BRIEF DESCRIPTION OF FIGURES
[0028] Having thus described the disclosure in general terms, reference will now be made to the accompanying figures, wherein:

[0029] FIG. 1 illustrates a sectional view of a ribbon connector, in accordance with an embodiment of the present disclosure;

[0030] FIG. 2 illustrates a zoom in view of the ribbon connector of FIG. 1, in accordance with an embodiment of the present disclosure;

[0031] FIG. 3 illustrates a cross-sectional view of a first region of the ribbon connector of FIG. 1, FIG. 6 and FIG. 7, in accordance with various embodiments of the present disclosure;

[0032] FIG. 4 illustrates a cross-sectional view of a third region of the ribbon connector of FIG. 1, FIG. 6 and FIG. 7, in accordance with various embodiments of the present disclosure;

[0033] FIG. 5 illustrates a cross-sectional view of a ribbon connectible with the ribbon connector of FIG. 1, FIG. 6 and FIG. 7;

[0034] FIG. 6 illustrates a sectional view of a ribbon connector, in accordance with another embodiment of the present disclosure;

[0035] FIG. 7 illustrates a sectional view of a ribbon connector, in accordance with yet another embodiment of the present disclosure;

[0036] FIG. 8 illustrates a table listing angle of inclinations of a plurality of optical fibers with respect to a length of second region for the ribbon connector of FIG. 1; and

[0037] FIG. 9 illustrates a table listing the angle of inclinations of the plurality of optical fibers with respect to the length of the second region for the ribbon connector of FIG. 6 and FIG. 7.

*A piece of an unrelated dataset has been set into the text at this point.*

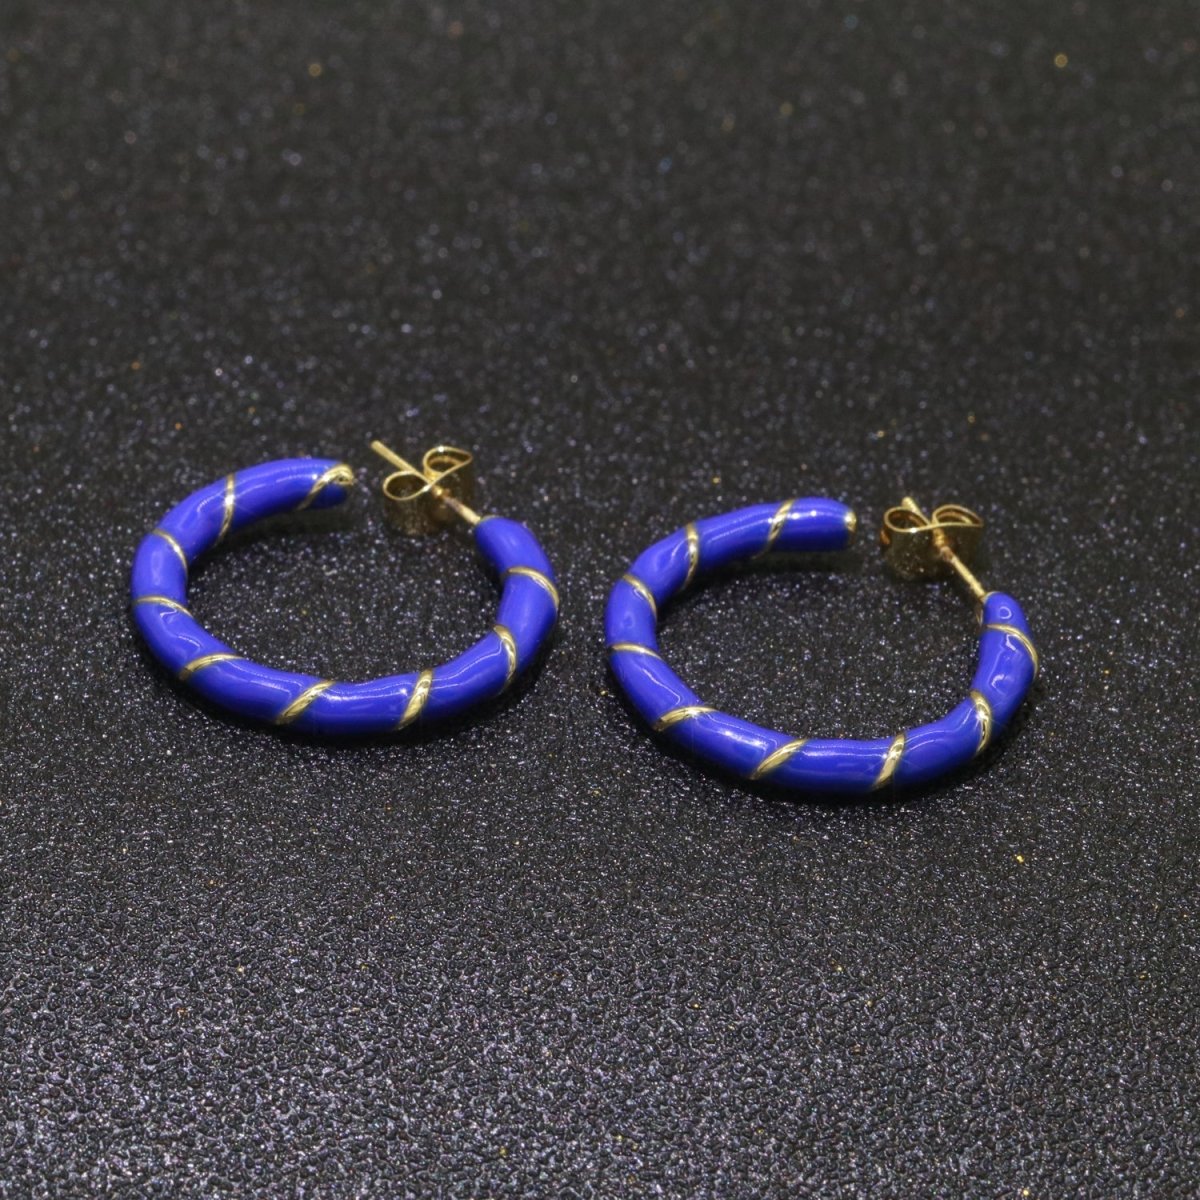 Dark Blue Enamel Hoop Earring with Gold Swirl 26mm Hoop earring Jewelry Gift T-002 - DLUXCA

[0038] It should be noted that the accompanying figures are intended to present illustrations of exemplary embodiments of the present disclosure. These figures are not intended to limit the scope of the present disclosure. It should also be noted that accompanying figures are not necessarily drawn to scale.

DETAILED DESCRIPTION
[0039] Reference will now be made in detail to selected embodiments of the present disclosure in conjunction with accompanying figures. The embodiments described herein are not intended to limit the scope of the disclosure, and the present disclosure should not be construed as limited to the embodiments described. This disclosure may be embodied in different forms without departing from the scope and spirit of the disclosure. It should be understood that the accompanying figures are intended and provided to illustrate embodiments of the disclosure described below and are not necessarily drawn to scale. In the drawings, like numbers refer to like elements throughout, and thicknesses and dimensions of some components may be exaggerated for providing better clarity and ease of understanding.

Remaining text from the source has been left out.